In a career that stretched to a quarter century in Cuba and included at least a dozen Mexican winter seasons and 14 Negro league campaigns, the Cuban star was always dominant as a pitcher. His mound credentials would eventually include no-hitters in three countries (Mexico, Venezuela, and Puerto Rico), a documented 119–57 Mexican League record, a verifiable 93–48 won-lost mark over his final 12 Cuban seasons, a 218–106 winter-league and Negro league record in games officially documented, and perhaps dozens more victories lost to history through shoddy or non-existent record-keeping.

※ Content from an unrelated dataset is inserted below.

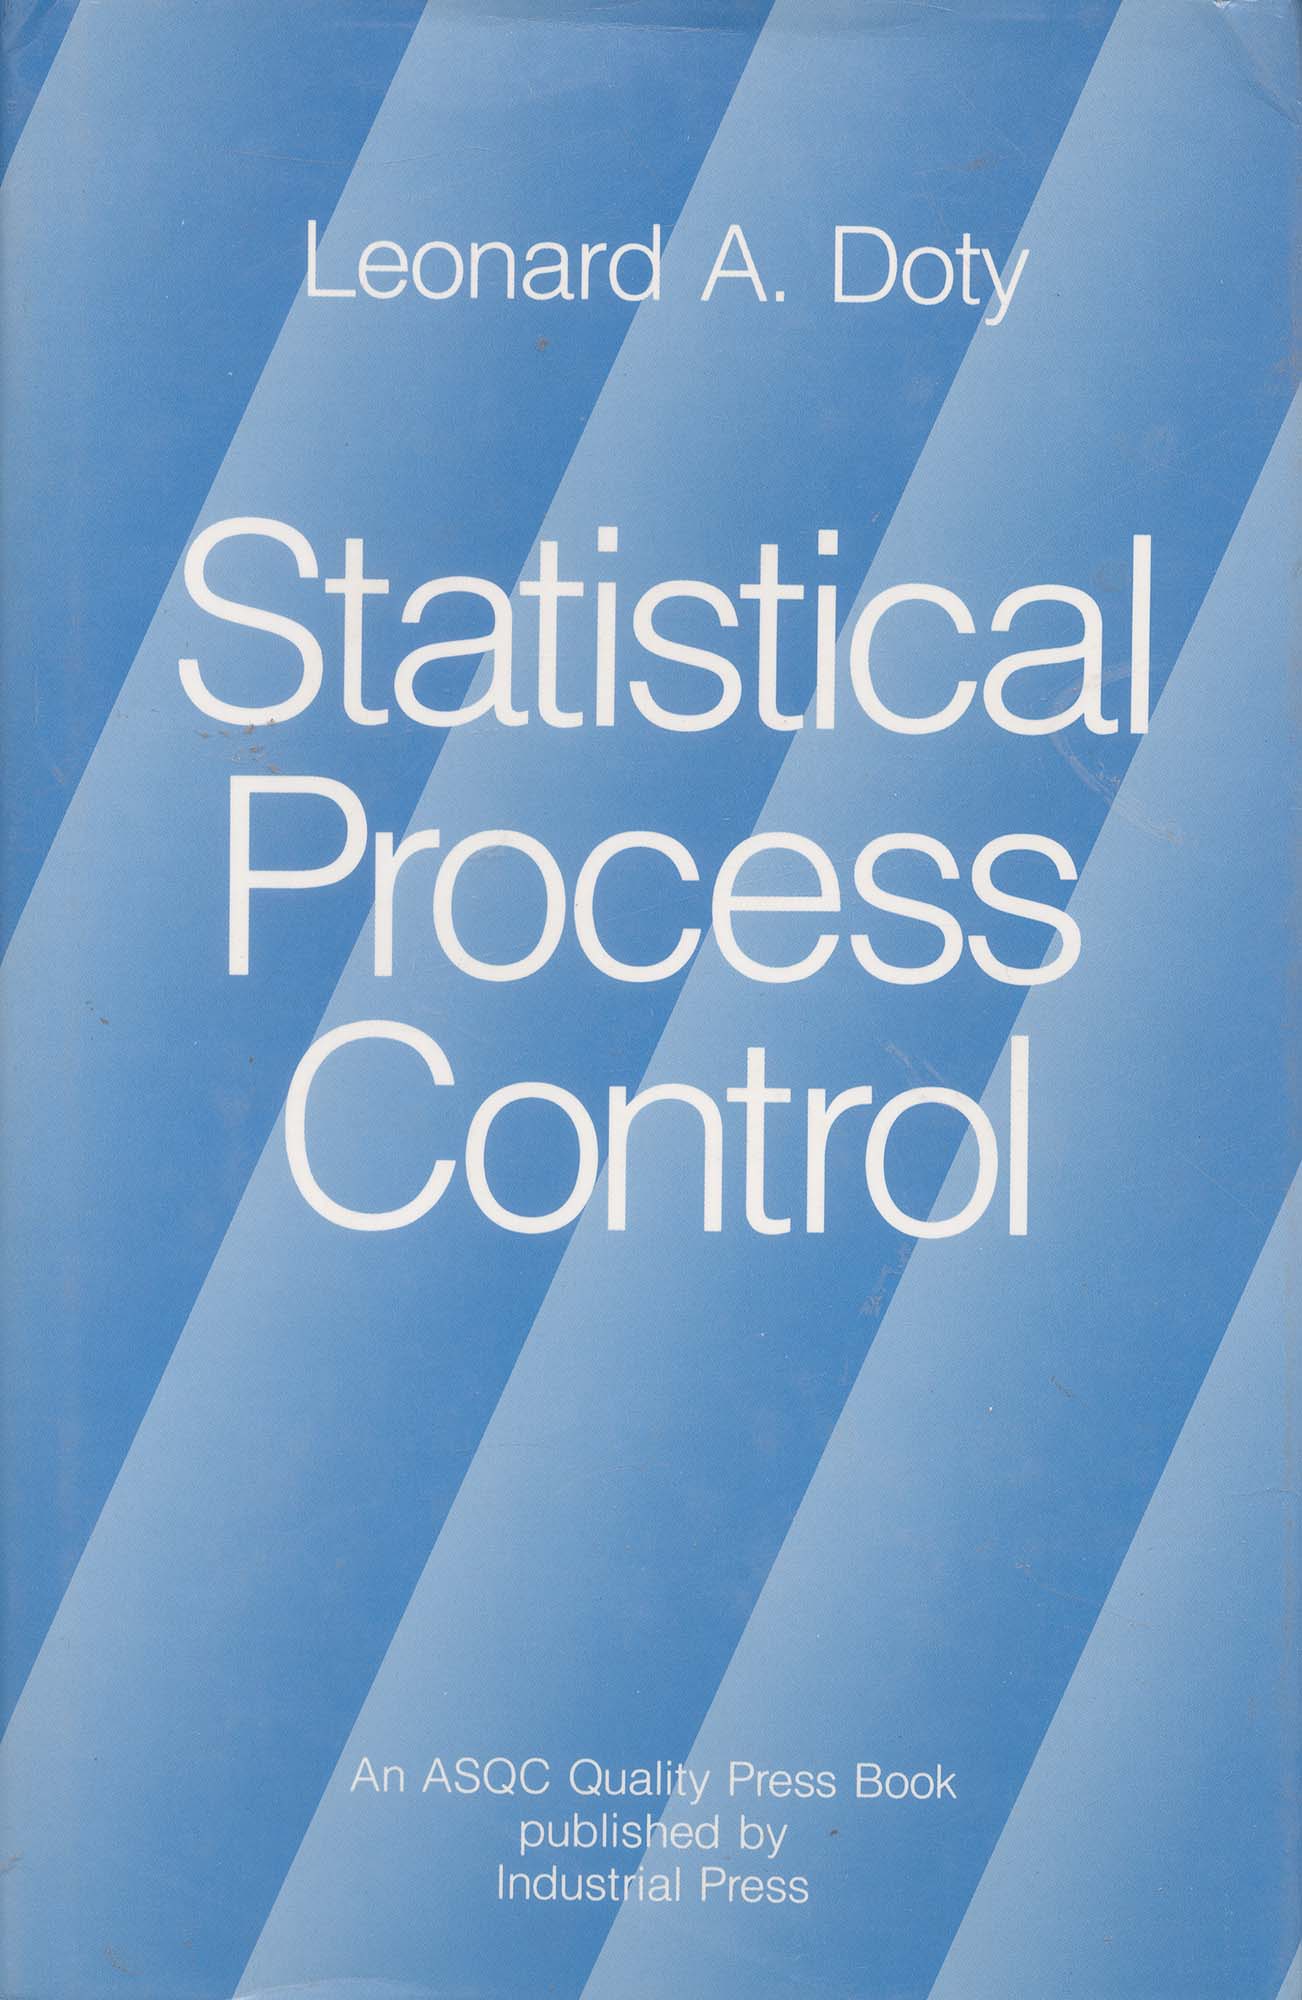 literature review on statistical process control
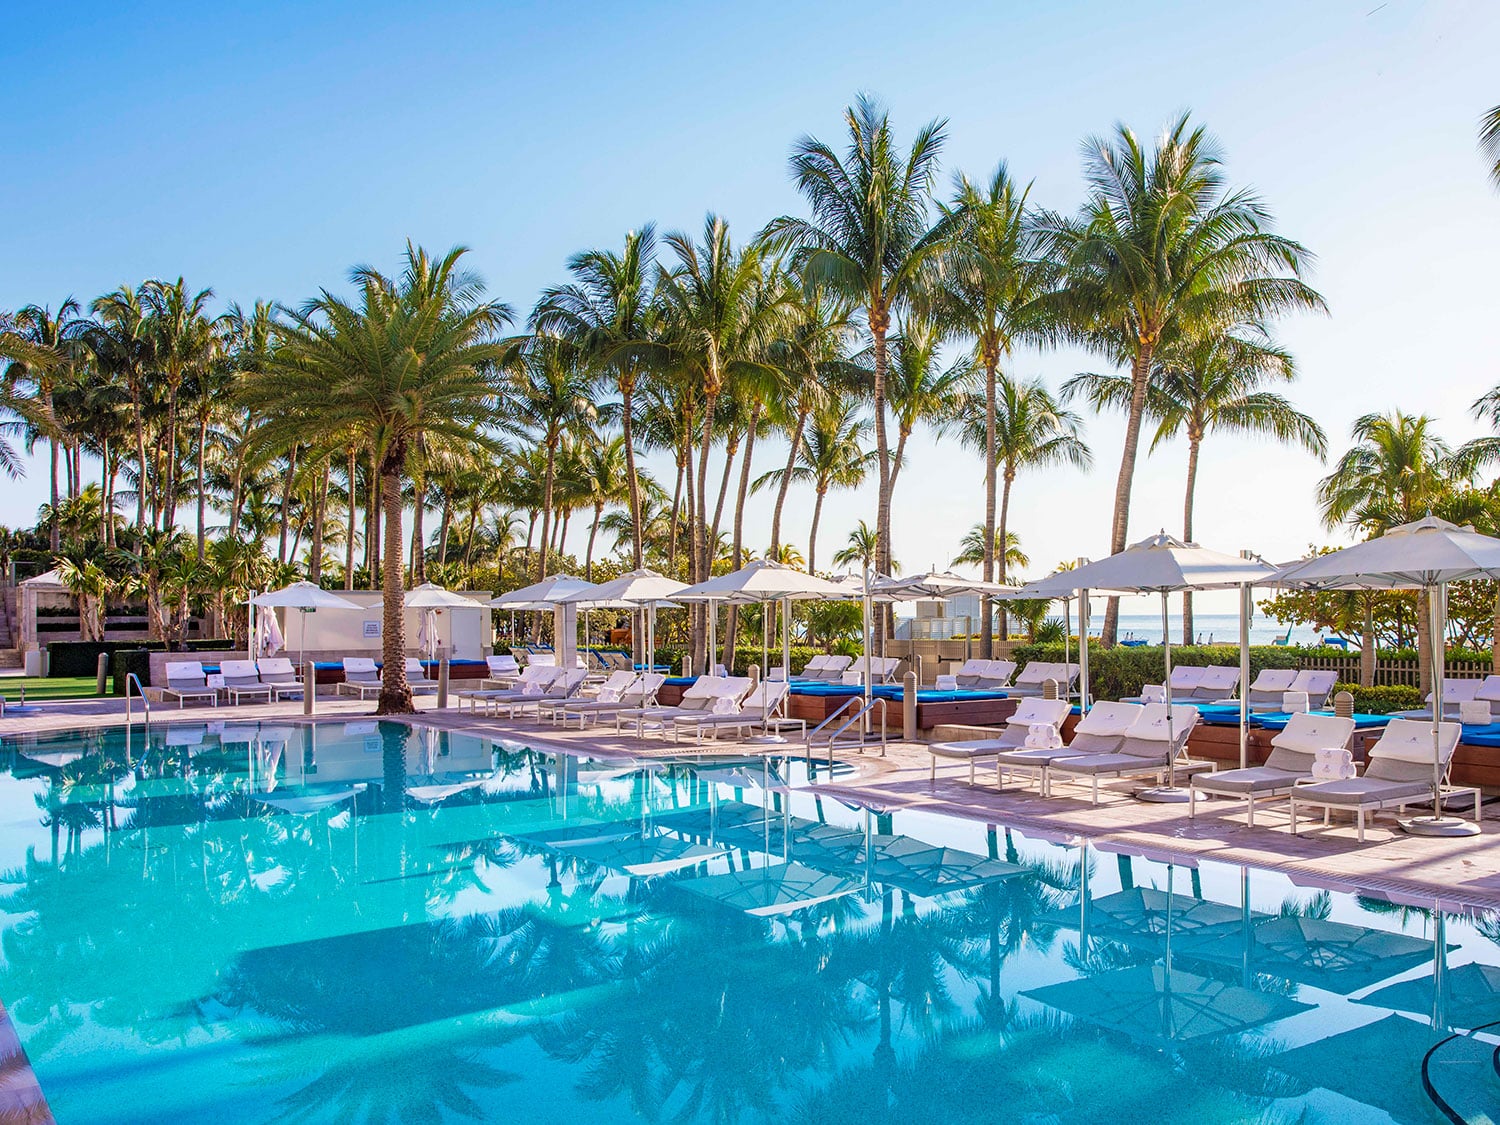 The family pool at the St. Regis Bal Harbour Resort in the South Florida village of Bal Harbour.

While the raw numbers of base hits and pitching victories were never very well recorded, the anecdotal evidence for Dihigo’s greatness is truly overwhelming. Stories abound of the Cuban’s flaming fastball, his deadly throwing arm, his fence-rattling hefty lumber, and his rare grace at every field position except the catcher’s slot. (He did occasionally move behind the plate, but the position was never a strong point or an assignment for which he showed much enthusiasm.) First an infielder, later an outfielder, and finally a pitcher, he was truly eye-catching on whatever part of the diamond he chose to patrol.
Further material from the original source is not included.